A framework for stabilization, recovery, and development should center on three pillars: (i) rebuilding the state and its key institutions; (ii) jumpstarting the economy; and (iii) addressing urgent needs and reconstructing communities (Addison, 2003; and Michailof, Kostner, and Devictor, 2002). An important component of this framework is restoring state capacity for macroeconomic management and fiscal operations. Postconflict countries require assistance in budget formulation, execution, and reporting, as well as in the design and implementation of critical reforms. In the immediate aftermath of the crisis, there is also an urgent need to strengthen the capacity of the state to generate internal resources through taxation to finance the reconstruction of the economy and ensure delivery of essential services. Thus, an immediate priority in the early postconflict phase should be rebuilding revenue administration and systems.

Sound policies are also important for success in the postconflict period. For example, sound macroeconomic policies help sustain a recovery of growth and avoid a relapse into conflict. Staines (2004) analyzes the impact of conflict on economic development in 23 conflict-affected countries and concludes that in the post-1990 period, a sound macroeconomic policy stance enabled a faster economic recovery after the conflict.2

At the same time, there is a “virtuous circle” between building institutions and implementing good economic policies (Addison, 2003). For example, improvements in public expenditure management and tax administration help establish fiscal discipline. This, in turn, contributes to success in achieving macroeconomic stabilization and growth, thereby providing a more stable and fruitful environment for further institution building.

Strengthening institutions and economic policies reduces the risk of future conflicts. Without appropriate institutions and sound policies, recovery may not be broad-based, high levels of poverty are likely to persist, and the probability of a return to conflict will remain high (Addison, 2003).3

Establishing effective institutions and economic policies is also necessary for attracting private investment in postconflict countries. These nations need strong and sustained increases in private investment to support broad-based economic recovery (Addison, 2003). Catalyzing this private investment requires the concomitant strengthening of institutions and the policy environment.

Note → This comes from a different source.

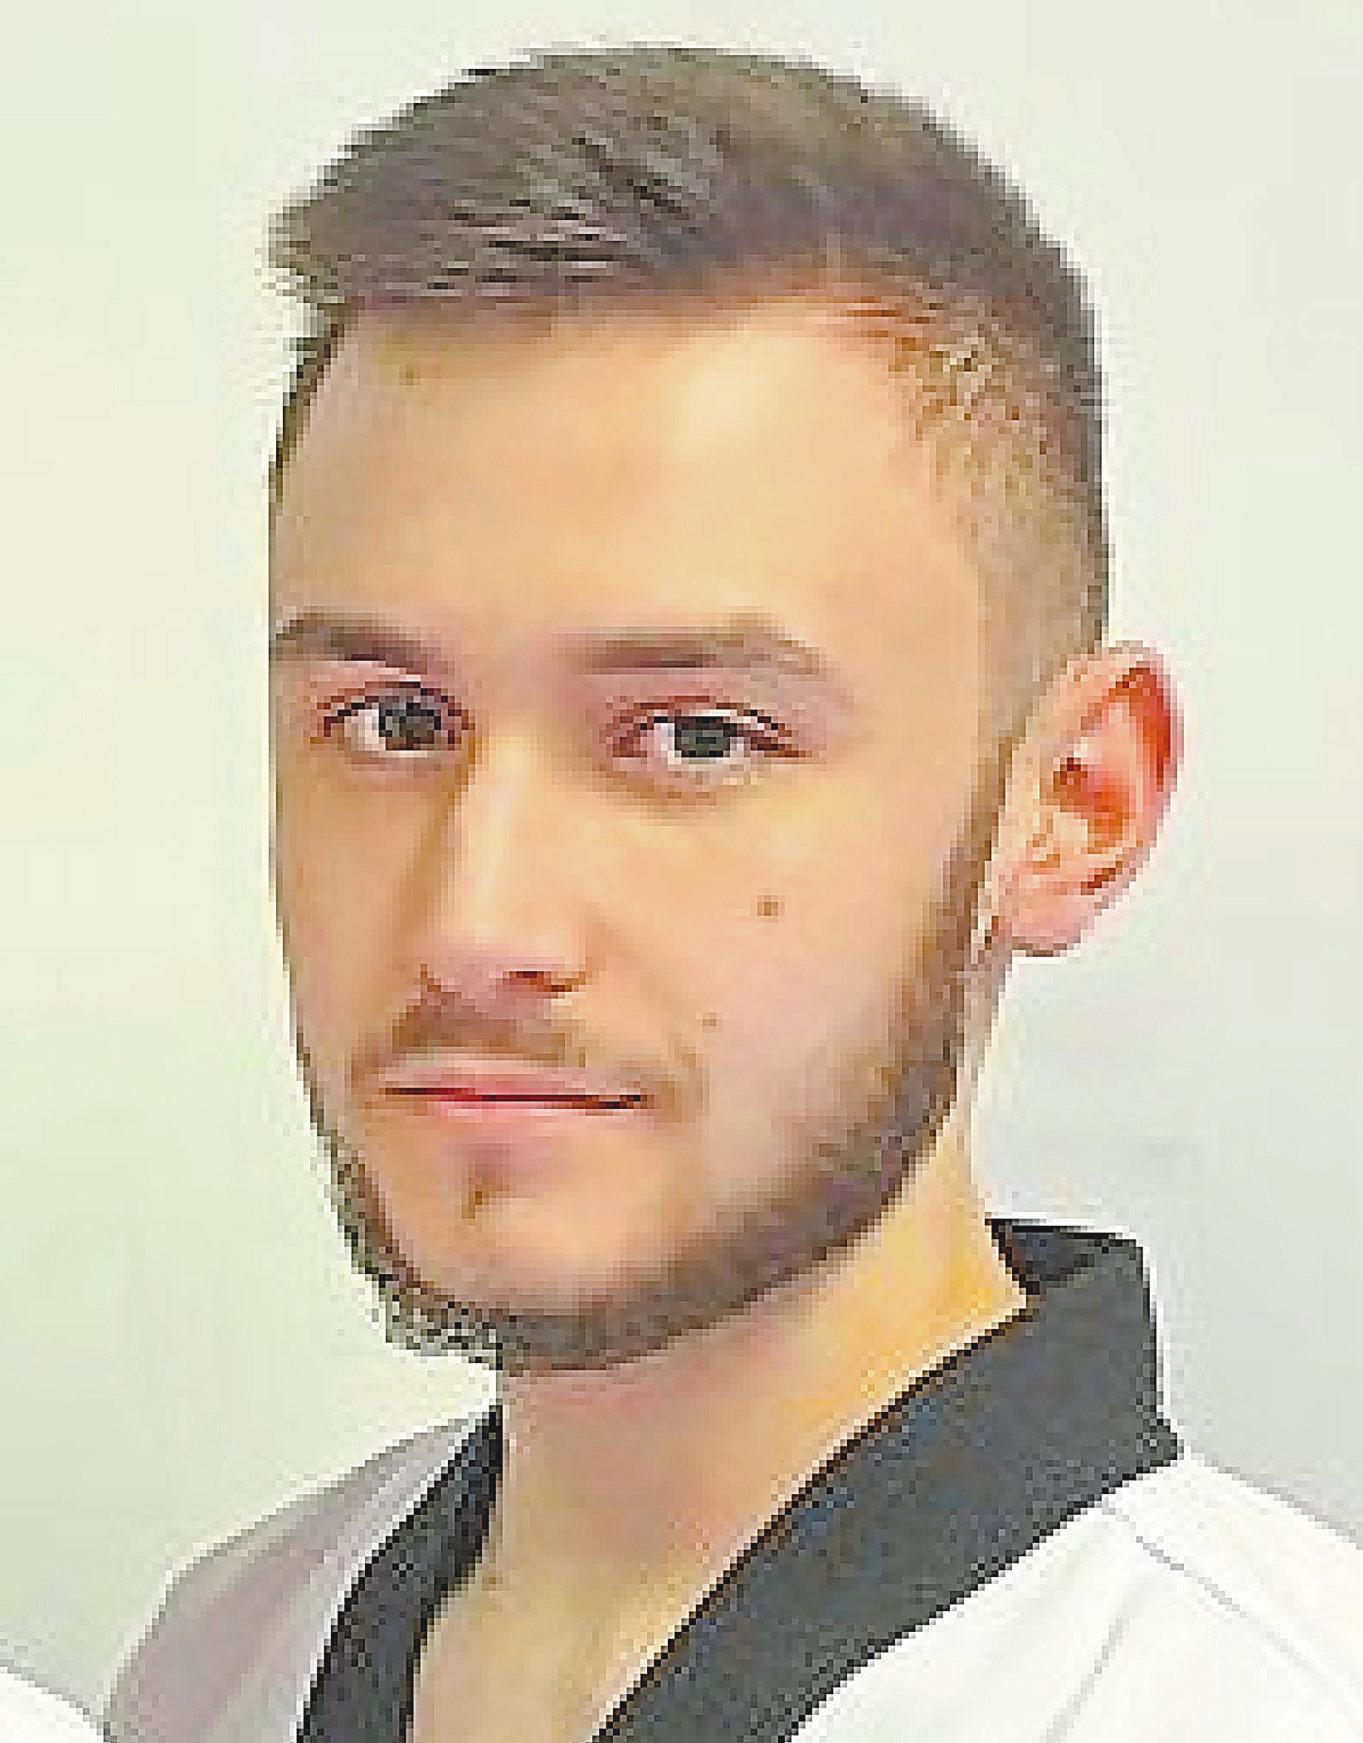 Ilkan Kaan Alarslan, Taekwondo: 2. Platz Landesmeisterschaften, 1. Platz bei den Internationalen Masters, Mitglied im Landeskader

In sum, postconflict peace and economic recovery require improvements in economic policies and institution building in a range of areas. These extend from merely establishing the rule of law to restoring the capacity for policy formulation and implementation. Even within the area of macroeconomic management, the needs for building capacity can be extensive. For example, some countries may need to introduce a new currency or establish new institutions, such as a central bank. The need for building institutions is most pervasive in scope for countries that are newly formed as a result of conflicts. Others may need assistance with budget formulation, execution, and reporting. Still others may require help in strengthening statistical capacity to assist in macroeconomic management. The focus of this paper is on institution building in the fiscal area.

1

A recent paper by Suhrke, Villanger, and Woodward (2004) challenges these findings.

2

Collier and Hoeffler (2002b) also lend support to this finding.

3

Collier and Hoeffler (2002b) identify three structural characteristics that increase the risk of conflict, the most powerful of which is dependence on natural resource rents. Their analysis indicates that the risk of conflict is highest when natural resource exports constitute 25 to 30 percent of GDP.